Лесь никогда не отказывался от чая: будь то настоящий черный из жестяной банки, пахучие травки, напоминающие о лете, или же просто крутой кипяток, горячей волной проходящийся по всему телу – сверху донизу. Главное, чтобы грело. И чтобы вдвоем.
– Вась, а дядя?
– А что дядя? Живет, небось. Здравствует.
– Ты не ходил к нему? – Сам Лесь по своим родным страшно скучал. Даже во сне они ему снились. Иногда казалось: не выдержит, плюнет на все обиды и рванет первым попавшимся поездом – если не к родителям в Париж, то хотя бы к тетке в Краков. А там – будь что будет.
– Зачем?
– Поговорить. Посмотреть. Может, он все это время маялся? Родственники все же…
– Родственники? – обычно спокойный Василий Степанович, всерьез заводившийся лишь тогда, когда речь шла о судьбах мировой революции, вскинул голову, яростно сверкнул глазами. – На отца как раз похоронка пришла. Я один-одинешенек остался. Тетка Дарья стол накрыла: за упокой. Выпили за помин души раба божьего, закусили. А как выпили, так мне дядька и сказал, чтобы я уходил. Отца-то он все же то ли боялся, то ли совестился, а тут…

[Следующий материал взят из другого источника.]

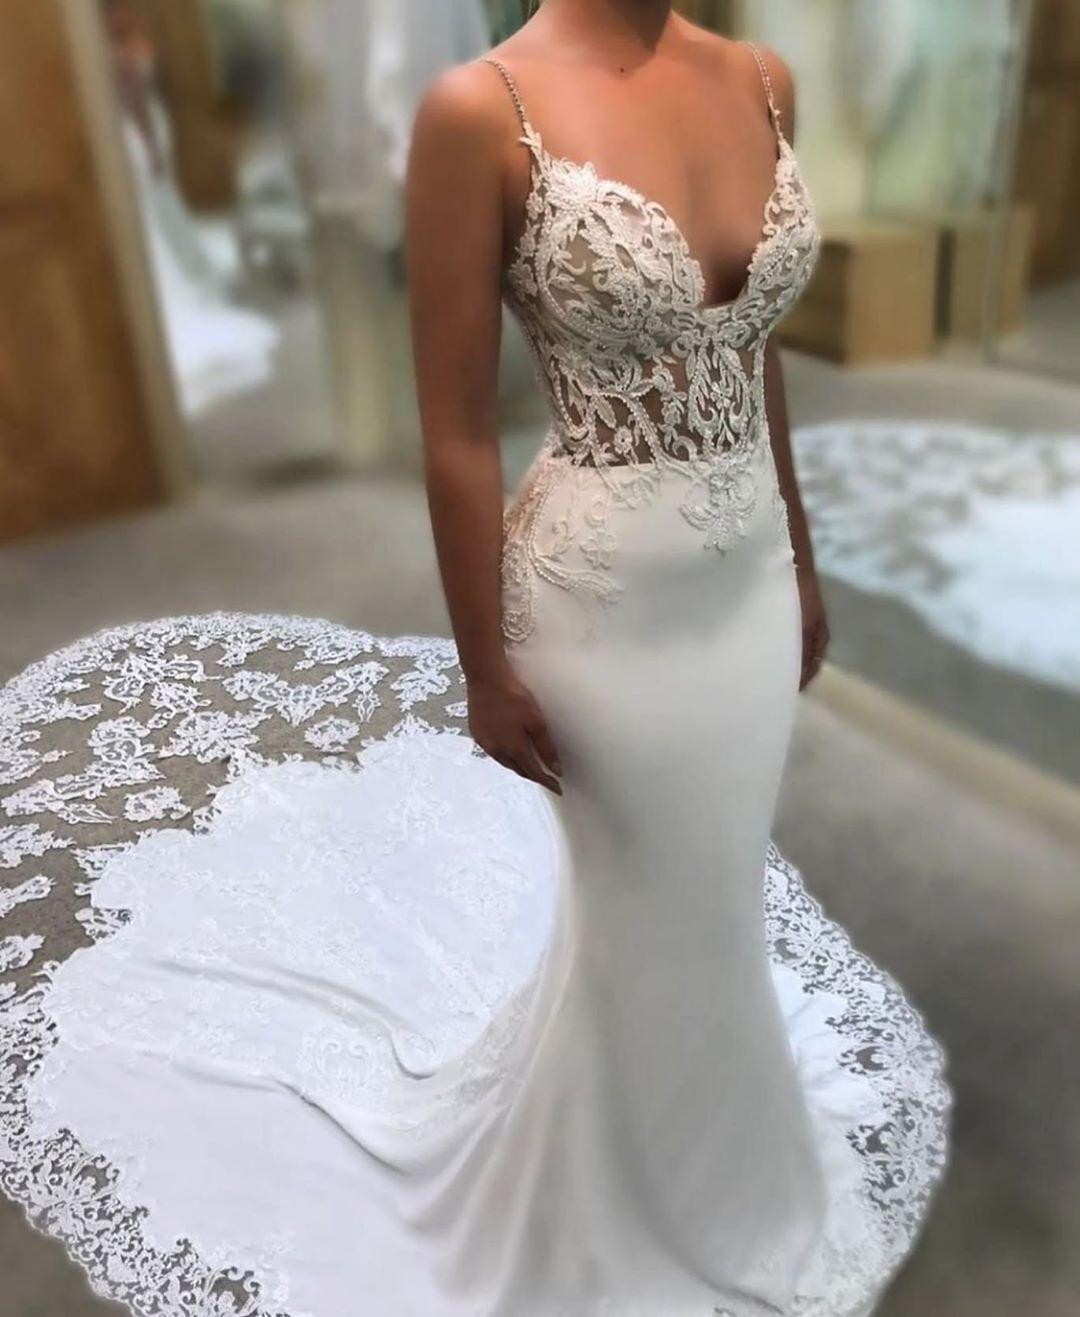 Silk Wedding Dresses Silk Evening Wear Silk Ball Gowns Applique Wedding Dress White Wedding Dresses Wedding Dresses Lace [ 1317 x 1080 Pixel ]

Ох, не просто так сверкали злые Васькины глаза! Не просто так Васька из-за стола ринулся куда-то к умывальнику, едва не запнувшись по дороге о древний расшатанный табурет. Да и чтобы не догадаться, круглым дураком требовалось быть. А Лесь дураком не был. Бросился за беглецом следом, обхватил упрямые плечи сзади двумя руками, на кровать увлек. Вспомнилось, как сам когда-то, после отъезда родителей, вот так же рыдал, и как утешала его няня Ядвига, утешала-укачивала на уютном, обитом потертым темно-зеленым бархатом старом диване. Бормотала на ухо что-то по-польски, молилась негромко. Разве что песен колыбельных не пела. Сейчас диван им бы тоже очень пригодился, однако здесь, в бывшей дворницкой, диванов отродясь не водилось – пришлось так. Лесь сел сам, усадил уже откровенно всхлипывавшего Василия Степановича рядом, притянул к себе, стал бережно укачивать, будто маленького, по волосам медным, сильно за последнее время отросшим, рукой гладить. Хотелось забрать чужие слезы, чужую боль. Да и не было уже, как теперь казалось Лесю, между ними ничего чужого. Только свое. Общее.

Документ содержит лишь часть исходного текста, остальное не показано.